(1.) THE petitioner was holding the post of a Ticket Collector at Delhi in July 1957 having been appointed originally by the General Manager of the Northern Railway in the year 1950. On 16-4-1954 he was removed from service by the order of the Divisional Commercial superintendent. He challenged the validity of the order of his removal by means of a suit. Shri hukam Chand Goel, Subordinate Judge, Delhi, held in his judgment dated 28-2-1957 that the petitioner had been appointed by the General Manager and he could not have been removed by an officer subordinate to him. The declaratory suit of the petitioner was consequently decreed (vide Annexure 'a' ). He was reinstated in service as a Ticket Collector on 20-7-1957 and resumed duty on that day but simultaneously he was placed under suspension. According to the petitioner, he was suspended by the Station Superintendent and in support of this the petitioner has filed a copy of an order dated 26-11-1957 in which it is to stated (Annexure 'e' ). This fact is, however, not admitted by the respondents as will be presently noticed. The petitioner claims to have filed an application before the Authority appointed under the Payment of Wages Act. It appears that on 4-11-1957 he was served with summons under S. 68 of the code of Criminal Procedure directing him to appear before the Court of Shri Hari Parkash sharma, Magistrate 1st Class, Delhi, on 12-11-1957 to answer a charge of an offence under S. 474 Indian Penal Code, in a criminal complaint "roshan Lal Khanna v. Dhanji Ram Sharma". He appeared in compliance with the summons and executed a bail bound for appearing on such dates as the Court would require him to appear. The order of suspension is challenged by the petitioner on the grounds that he had been suspended in contravention of R. 1711 of the Indian railway Establishment Code, Vol. I, and that his suspension had been ordered by an authority subordinate to the General Manager. (1a) Rule 1711 is in the following terms:
(2.) THE next question is whether the suspension of the petitioner could be ordered under sub-rule (a) of Rule 1711. The crucial words in that rule for the purposes of this case are "when he is arrested or committed to prison pending trial by a Court of law. " Now, it is an admitted fact that although the petitioner was summoned to answer a charge of a complaint under S. 474, indian Penal Code, in the summons he was only required to appear in person before the magistrate. The petitioner did appear before the Magistrate and was released on bail. This happened on 12-11-1957. In Pulin Behari Chakraburty v. The Divisional Superintendent, sealdah, East Indian Rly. , AIR 1953 Cal 45, Bose J. held that this was not tantamount to arrest as all that the Magistrate did was to grant a bail for the purposes of securing the future attendance of the petitioner in Court. A railway servant in that case also had been summoned to answer a charge under Ss. 420/120b, Indian Penal Code, and on the view that he had never been under arrest nor had he been in police custody the order of his suspension was quashed.
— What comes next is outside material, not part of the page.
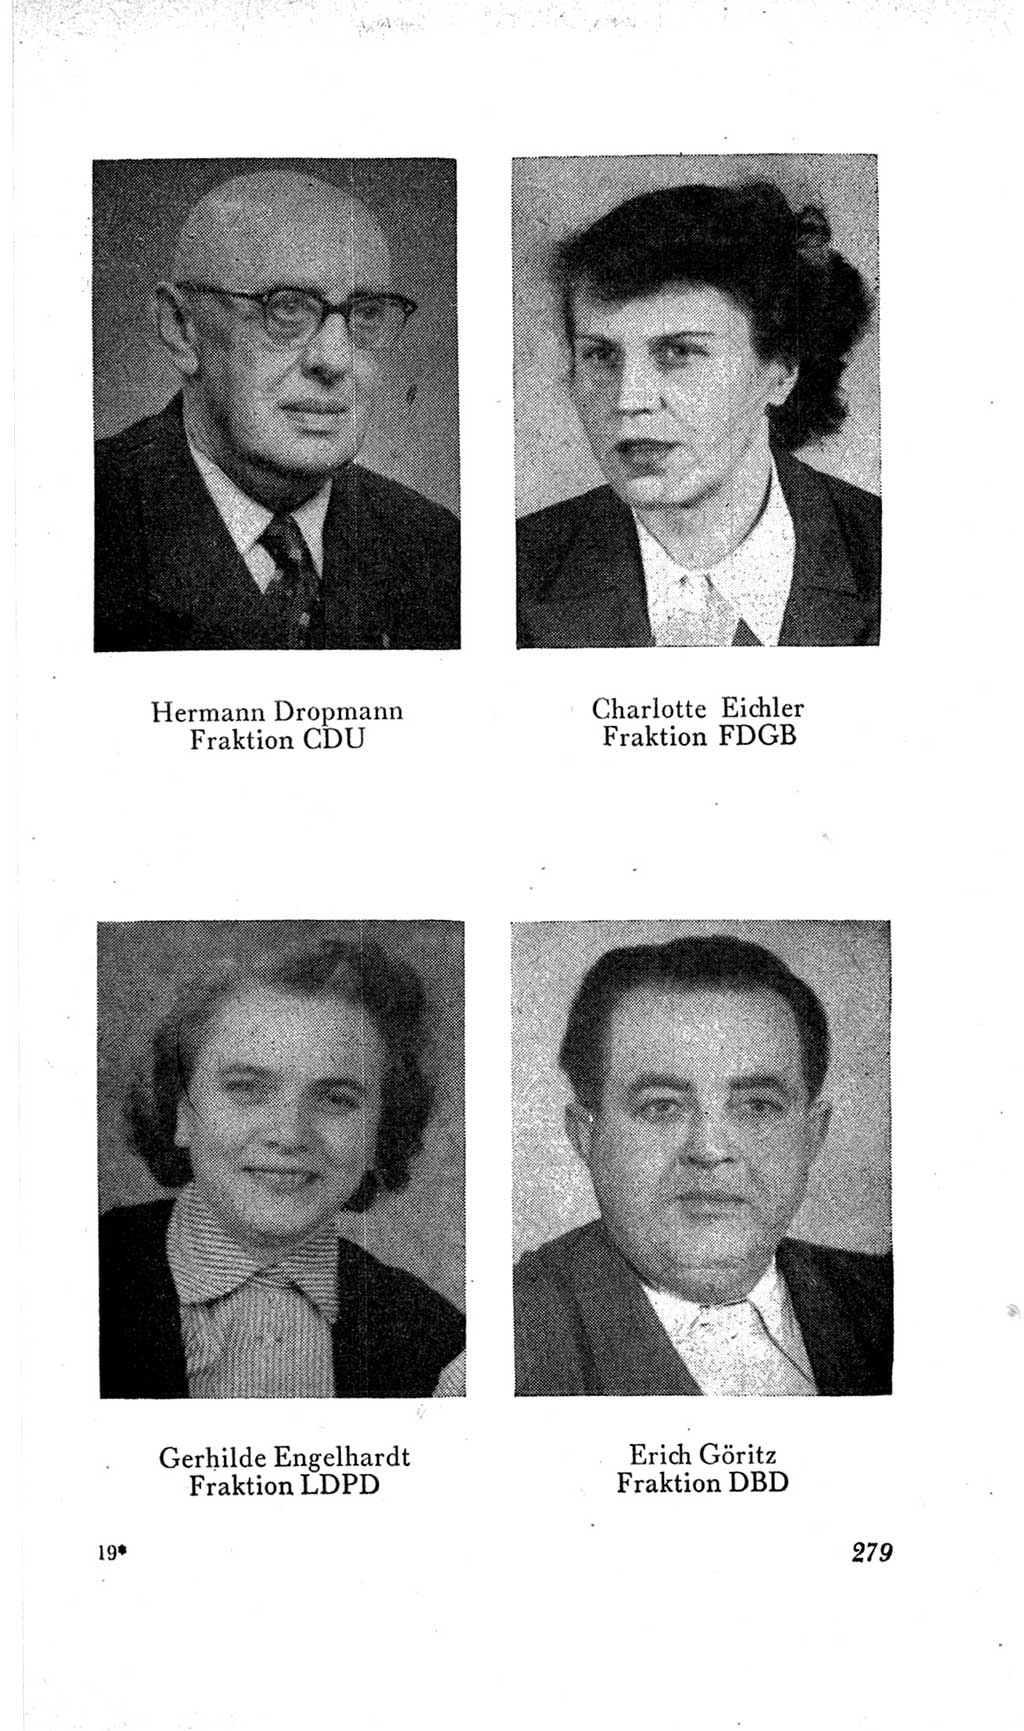 Handbuch der Volkskammer (VK) der Deutschen Demokratischen Republik (DDR), 2. Wahlperiode 1954-1958, Seite 279 (Hdb. VK. DDR, 2. WP. 1954-1958, S. 279)

(3.) THE learned counsel for the respondents contends that the language employed in S. 497, criminal Procedure Code, is that when the person accused of a non-bailable offence appears before a Court, he shall be released on bail and that the use of the word "release" presupposes arrest. In other words, only that person can be released who has been under arrest or is arrested. Reliance has also been placed on a Full Bench decision of this Court in Amir Chand v. The crown, (1949) 51 Pun LR 330: (AIR 1950 EP 53) in which it was held that the very notion of bail presupposed some form of previous restraint. Therefore, bail could not be granted to a person who had not been arrested and for whose arrest no warrants had been issued. That case, however, related to anticipatory bail and can be of no material assistance in deciding the question that when a person appears in response to a summons to answer a charge of a complaint and execute a bail bond for future appearance in court he can be regarded to have been arrested at any stage prior or subsequent to the grant of the bail. At any rate, even if the contention put forward by the learned counsel for the respondents on this point be assumed to be correct, the order of suspension would still be had as it was made, long before the petitioner was bailed out by the Criminal Court.